Родился 16 июня 1955 года в городе Борисове Минской области Белоруссии в семье военного.


В 1977 году окончил Ленинградский инженерно-экономический институт им. Пальмиро Тольятти.

В 1977—1990 годах — инженер, ассистент, доцент ЛИЭИ. В 1983 году защитил кандидатскую диссертацию на тему «Исследование и разработка методов планирования совершенствования управления в отраслевых научно-технических организациях».


В 1979—1987 годах — лидер неформального кружка молодых экономистов.

В 1990 году назначен заместителем, затем первым зампредом исполкома Ленсовета.


С ноября 1991 года — председатель Госкомитета РФ по управлению госимуществом.

1 июня 1992 года назначен заместителем председателя правительства России.


Ноябрь 1994-го — январь 1996 года — первый вице-премьер по экономической и финансовой политике.

В феврале 1996 года вошел в предвыборный штаб Бориса Ельцина.


В июле назначен руководителем администрации президента РФ.

В марте 1997-го вновь стал первым вице-премьером и министром финансов РФ.


30 апреля 1998 года назначен председателем правления РАО «ЕЭС России».

С 22 сентября 2008 года — гендиректор РОСНАНО.


Имеет три благодарности президента России. Владеет английским языком. Женат. Имеет сына и дочь от первого брака.


Часть вторая


Как поется в известной песенке, самолет летит — мотор работает, а в нем пилот сидит... Ну и далее по тексту. Не знаю, что именно подавали на обед экипажу лайнера, державшему курс из Владивостока в Москву, но пассажир бизнес-класса Анатолий Чубайс не смог вовремя получить горячее. По причине затянувшегося интервью «Итогам»...

— Мы остановились на том, как вы в 93-м добились поддержки Бориса Ельцина и продавили намеченную программу приватизации госсобственности...

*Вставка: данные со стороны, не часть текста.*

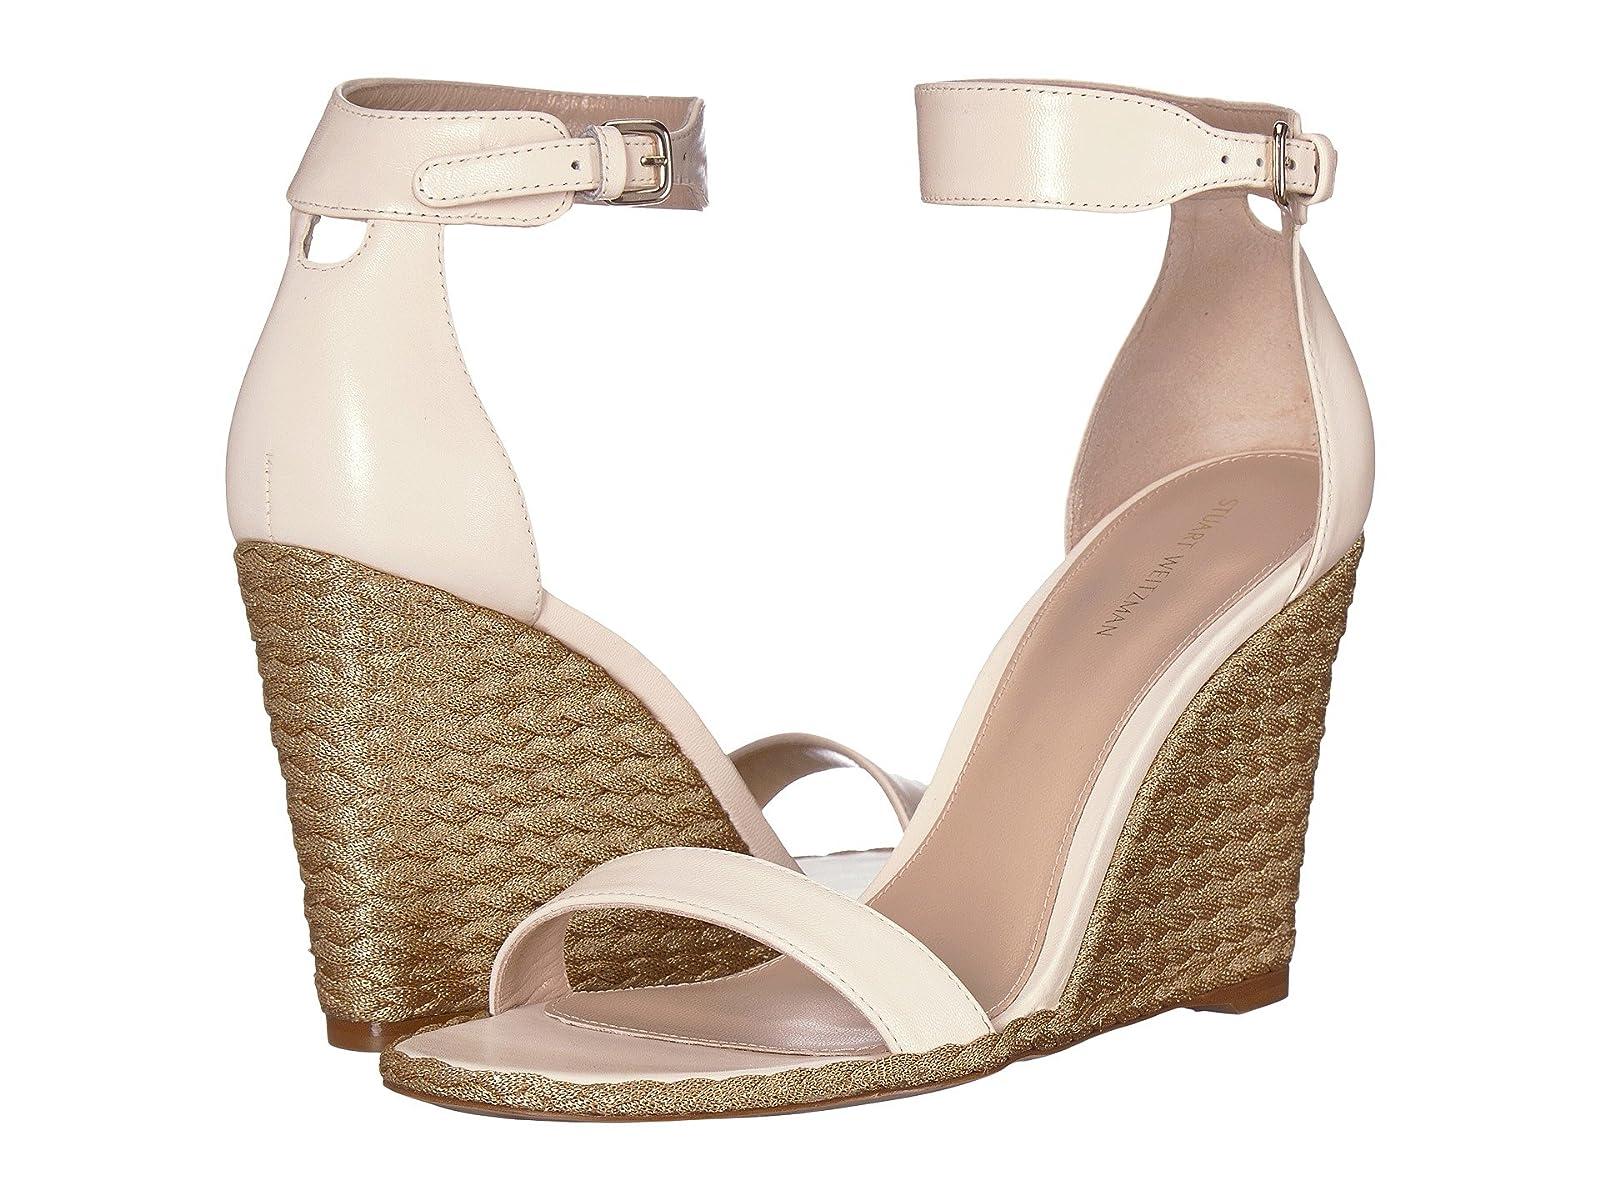 Stuart Weitzman BackupwedgeCheap and distinctive eye-catching shoes

— Победа не была окончательной и бесповоротной. Верховный Совет на время затих, а потом очухался и опять пошел в атаку. В те годы депутаты обладали правом приостанавливать действие президентских указов, а у меня вся приватизация на них строилась. При этом вопрос мог в течение десяти минут оказаться в повестке дня пленарного заседания, и его тут же поставили бы на голосование. Никаких трех чтений не требовалось, один раз нужным образом на кнопки нажали и — готово. Словом, мне сообщили, что ребята Хасбулатова собираются отменить ряд ключевых указов. Если бы это произошло, десятки тысяч предприятий стоимостью в триллионы рублей, находившихся в середине продаж, повисли бы на ниточке, наступил бы немедленный и гарантированный коллапс. Чтобы не быть застигнутым врасплох, я организовал специальную систему оповещения, каждое утро мне докладывали о настроениях в Верховном Совете. Что бы ни делал, какие совещания и встречи ни проводил, постоянно мониторил происходившее в Белом доме, где, напомню, тогда заседал российский парламент. Мы подготовили многослойную программу противодействия планам депутатов. Начинали с самого простого — попыток заблокировать решение при помощи различных технических хитростей, раскрывать которые не буду. Вторая линия обороны: в случае, если бы парламент отменил указы о приватизации, в течение суток подписать у президента новые документы, которые за исключением пары запятых в точности повторяли бы старые с сохранением правопреемственности. В какой-то момент мы ровно это и сделали: Верховный Совет аннулировал базовые указы, а Борис Николаевич тут же поставил подпись под новыми.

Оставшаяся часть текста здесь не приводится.